The stated goal is simple: speed up housing construction and address Canada’s ongoing affordability crisis.
But after reviewing the details of the announcement, my conclusion is clear: this will not meaningfully change the trajectory of Canada’s housing market.
What the Plan Promises
- A new federally backed agency, Build Canada Homes.
- $9.4 billion in capitalization to support affordable housing construction.
- An initial plan to construct 4,000 modular, factory-built homes on federal lands.
- A commitment to “boost the pace of construction” and support builders.
Why It Falls Short
1. Modular Homes Are Not the Solution
The government is betting on modular construction as if it were a silver bullet. But modular homes are not widely in demand, banks are hesitant to finance them, resale values are weak, and builders already operate efficiently. If modular construction were truly faster, cheaper, or more profitable, the private sector would already be building at scale.
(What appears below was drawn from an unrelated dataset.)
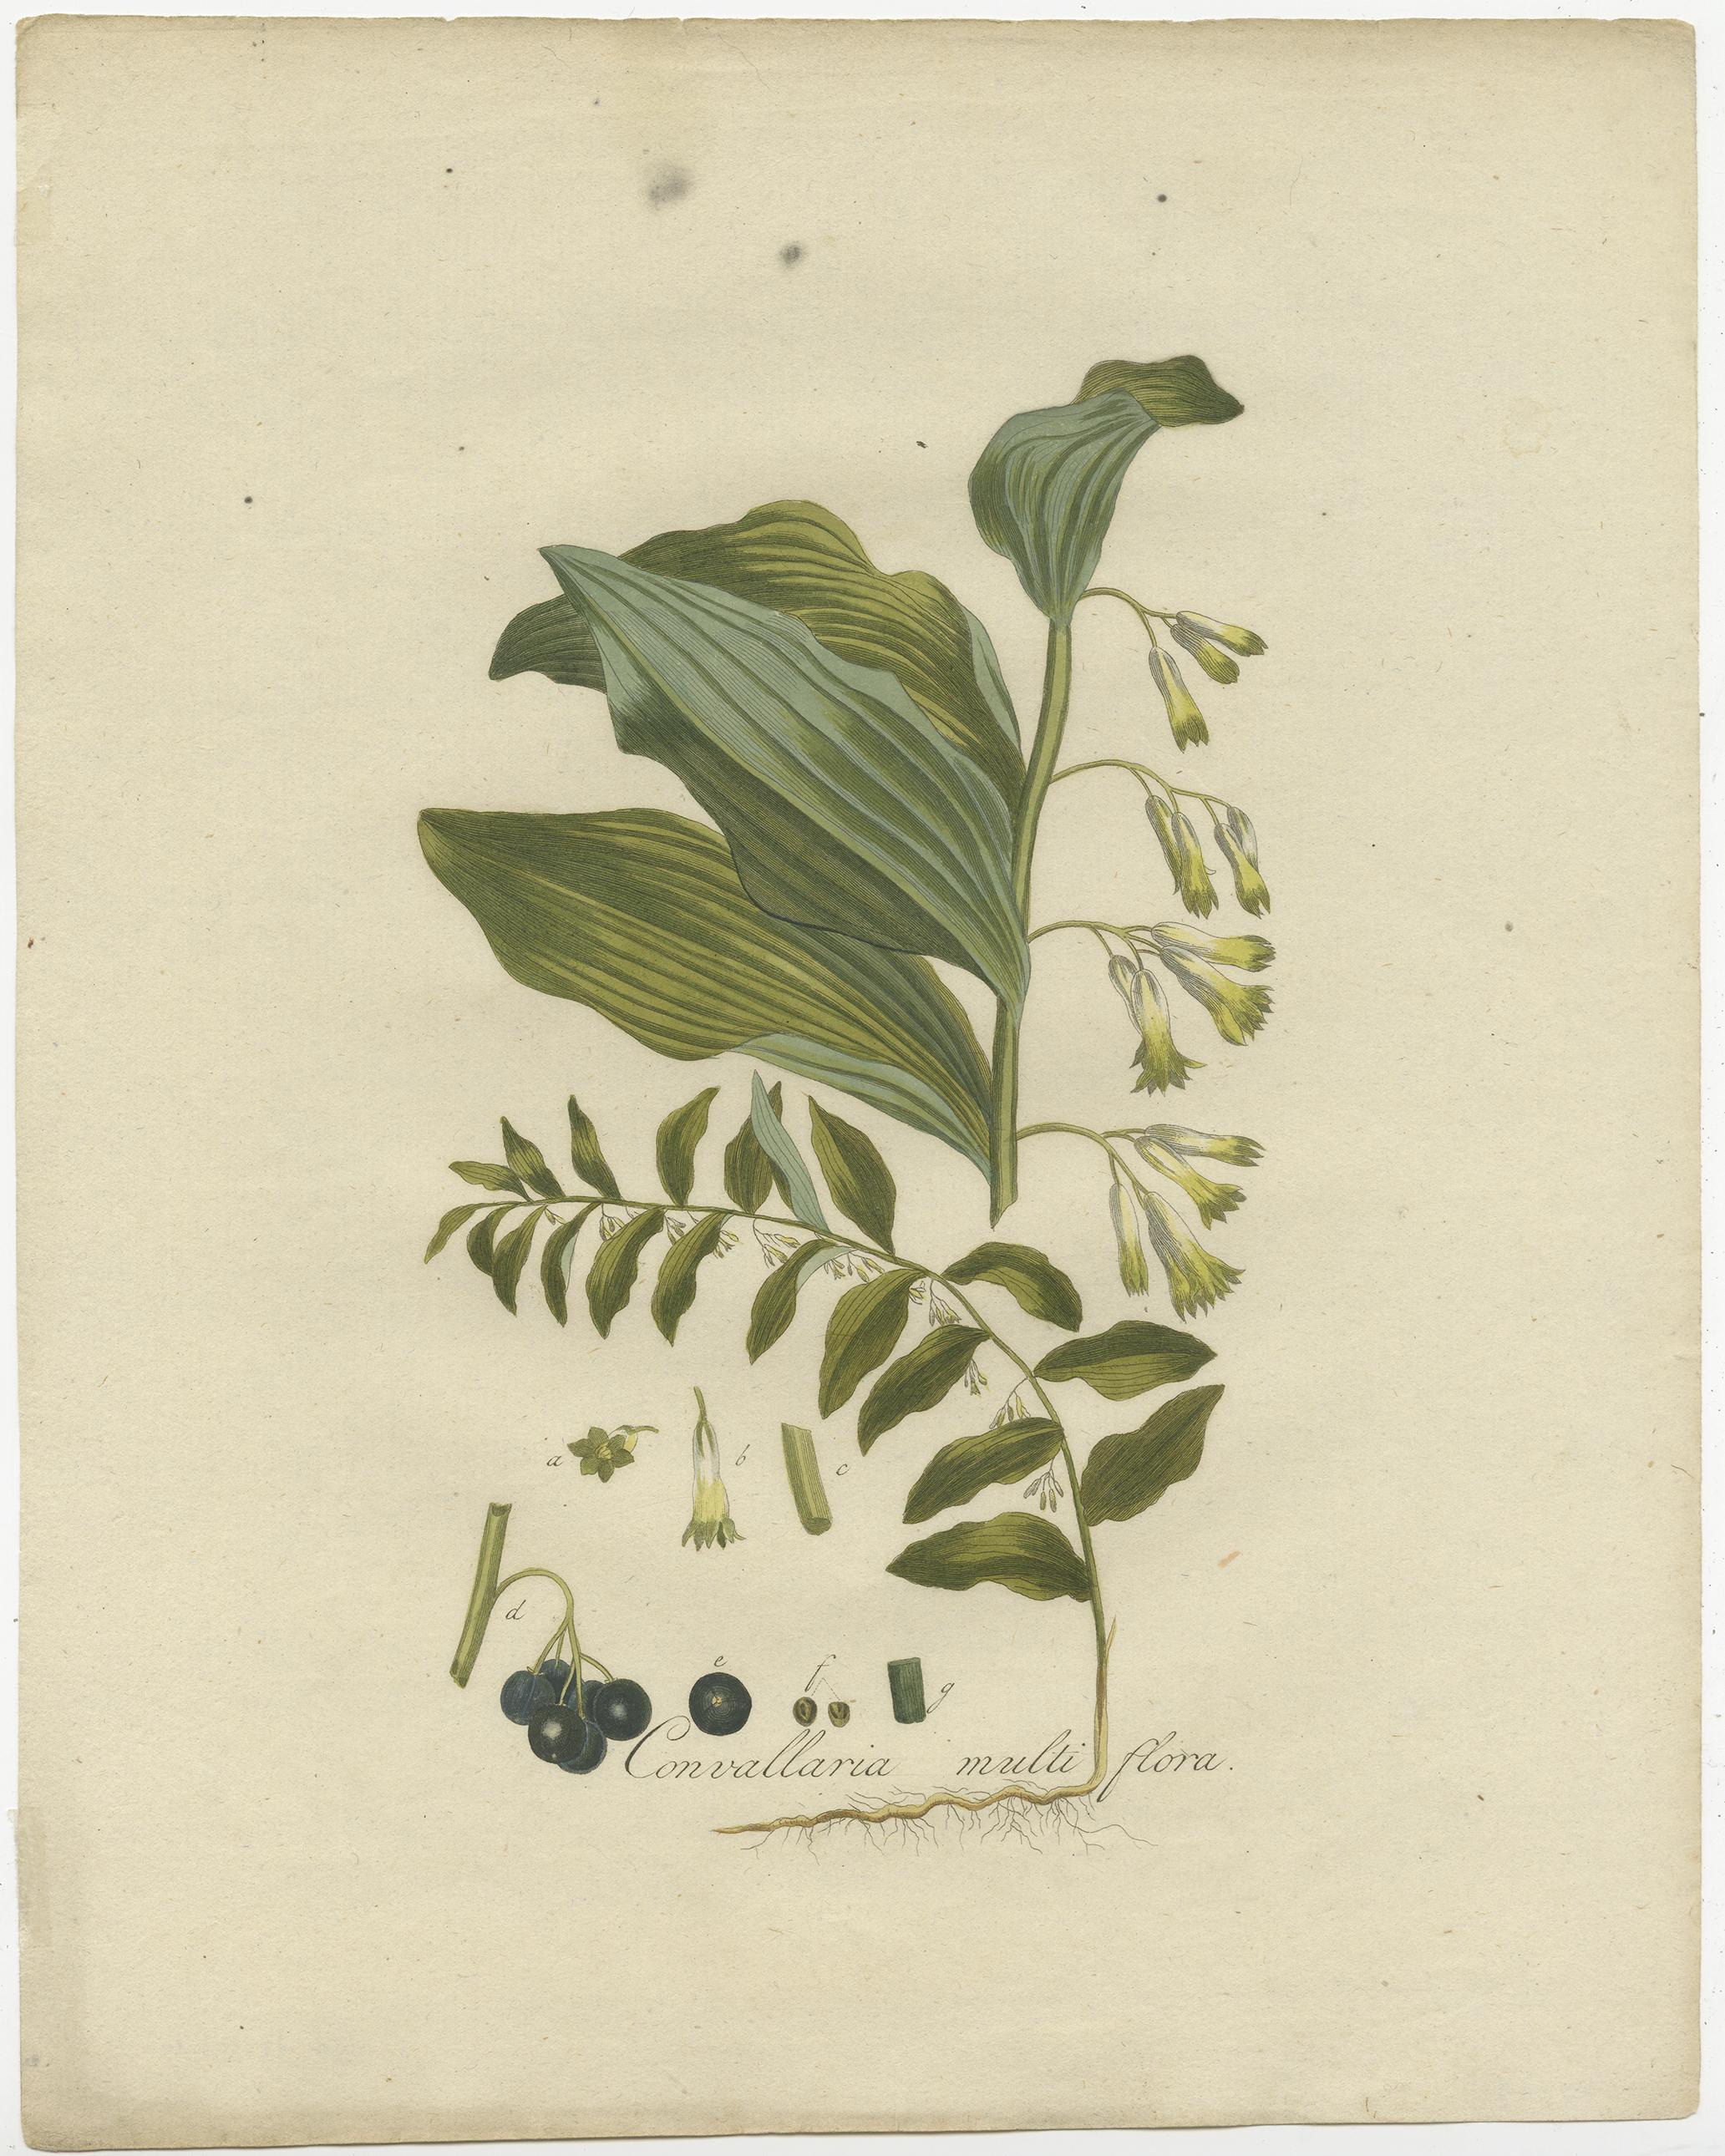 Antique print titled 'Convallaria Multiflora'. Original antique print of Polygonatum multiflorum, the Solomon's seal, David's harp, ladder-to-heaven or Eurasian Solomon's seal, is a species of flowering plant in the family Asparagaceae, native to

2. Builders Build Homes, Not Government Agencies
Canada already has a strong, capable building industry. The problem is not a lack of agencies; the problem is that the existing industry is blocked by policy, red tape, and costs. Creating another bureaucracy does nothing to solve the core issues.
3. Billions Spent Without Addressing Root Causes
Throwing $9 billion into a new fund avoids the fundamental realities driving the housing crisis:
- Population growth vs. supply: We are adding 400,000 to more than 1,000,000 people per year while building just over 200,000 homes annually.
- Excessive taxation: Government adds 40–60% to the cost of a new home through taxes and fees.
- Municipal barriers: Local councils regularly block or delay projects with outdated zoning, adding years and costs that discourage investment.
- Inflationary spending: Tens of billions in new government debt every year drives up wages and construction costs.
- Artificially low interest rates: Propping up the economy with near-zero rates has fueled demand for housing and inflated prices.
4. Simple Policy Levers Already Work
We’ve already seen the evidence:
- Reduce immigration or student visa numbers and demand falls.
- Raise interest rates and prices come down.
These levers are straightforward. Yet instead of addressing them, the federal government continues to announce expensive programs that avoid the root causes.
The Bottom Line
Canada’s housing problem is not complicated. The solutions are not mysterious. But political announcements are being prioritized over meaningful policy change.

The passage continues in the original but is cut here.